Strengths and limitations
The study was conducted in a large, population-based cohort and distribution of BMI was broadly comparable to national data (13). Studies using clinical data rely on the quality and completeness of data recorded by clinicians. In these analyses, 51% of BMI values were carried forward or backward by up to 3 years either side of an original record. This might have introduced misclassification with respect to BMI category. The cross-sectional nature of the analysis may have led to the classification of disease to an inappropriate BMI category as investigation of illness-related weight loss or gain was not always possible.
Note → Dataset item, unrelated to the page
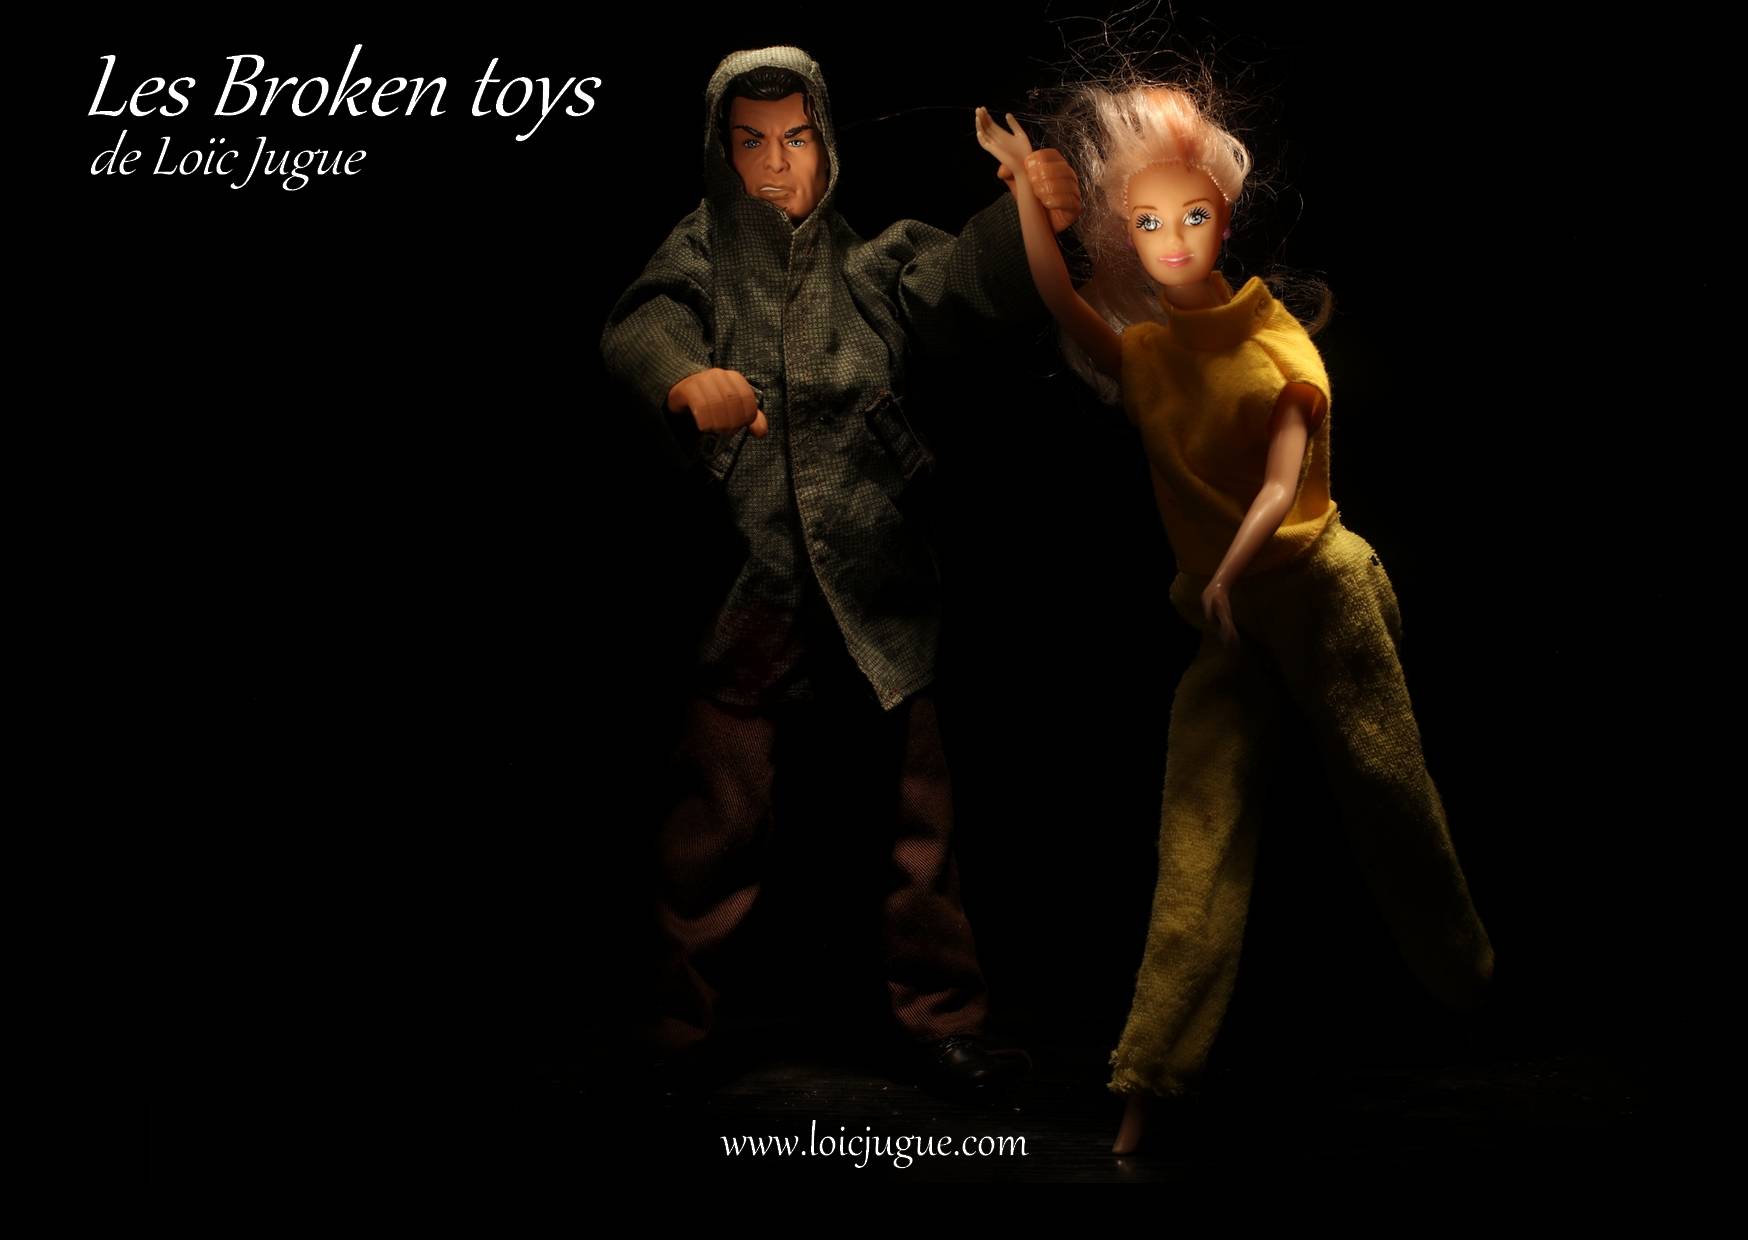 Les broken toys de Loïc Jugue:  Avis de tempête

BMI generally increases with age in individuals, and over time in populations, but within-patient variation in BMI in primary care is generally small (7,10). Ethnic differences in disease risks associated with BMI are well established, but the CPRD does not include data on ethnicity. We used a defined set of conditions to measure multimorbidity and the READ codes used to identify relevant conditions were compiled from reference sources. The prevalence of individual conditions were comparable to those reported elsewhere, (14) suggesting that case definitions were appropriate. Odds were used to calculate the PAF, rather than risk, and this might lead to overestimation of the role of obesity on the burden of multimorbidity.
Comparison with existing literature
The definition of multimorbidity varies between studies, tends to be poorly described and no standard taxonomy exists (15). In-keeping with the aim of the paper, and in the absence of other papers investigating multimorbidity in relation to BMI, a set of conditions were selected based on the literature. Currently, researchers include different conditions when defining multimorbidity. We anticipate that this practice will continue, and a consensus on a gold standard or universal definition will be not be reached. Despite variations in definition, the estimated prevalence of overall multimorbidity was comparable to that found in other recent studies conducted in UK primary care, reinforcing our definition as a valid interpretation for the research question. Relationships identified with gender and socioeconomic deprivation were also consistent with current evidence (2,3). We anticipate that the association of BMI category with multimorbidity is likely to hold even if a different definition were to be employed because simple disease counts can be as reflective as standardized measurement tools for the prediction of mortality and health service use in relation to multimorbidity (16). We identified ex-smokers as having higher odds for additional disease, rather than current smokers, in contrast to a cohort study based on a similar set of chronic conditions (17). Possible interpretations of this result might be reverse causation caused by smokers being more likely to give up the habit when their health deteriorates (18), or weight gain after smoking cessation (19).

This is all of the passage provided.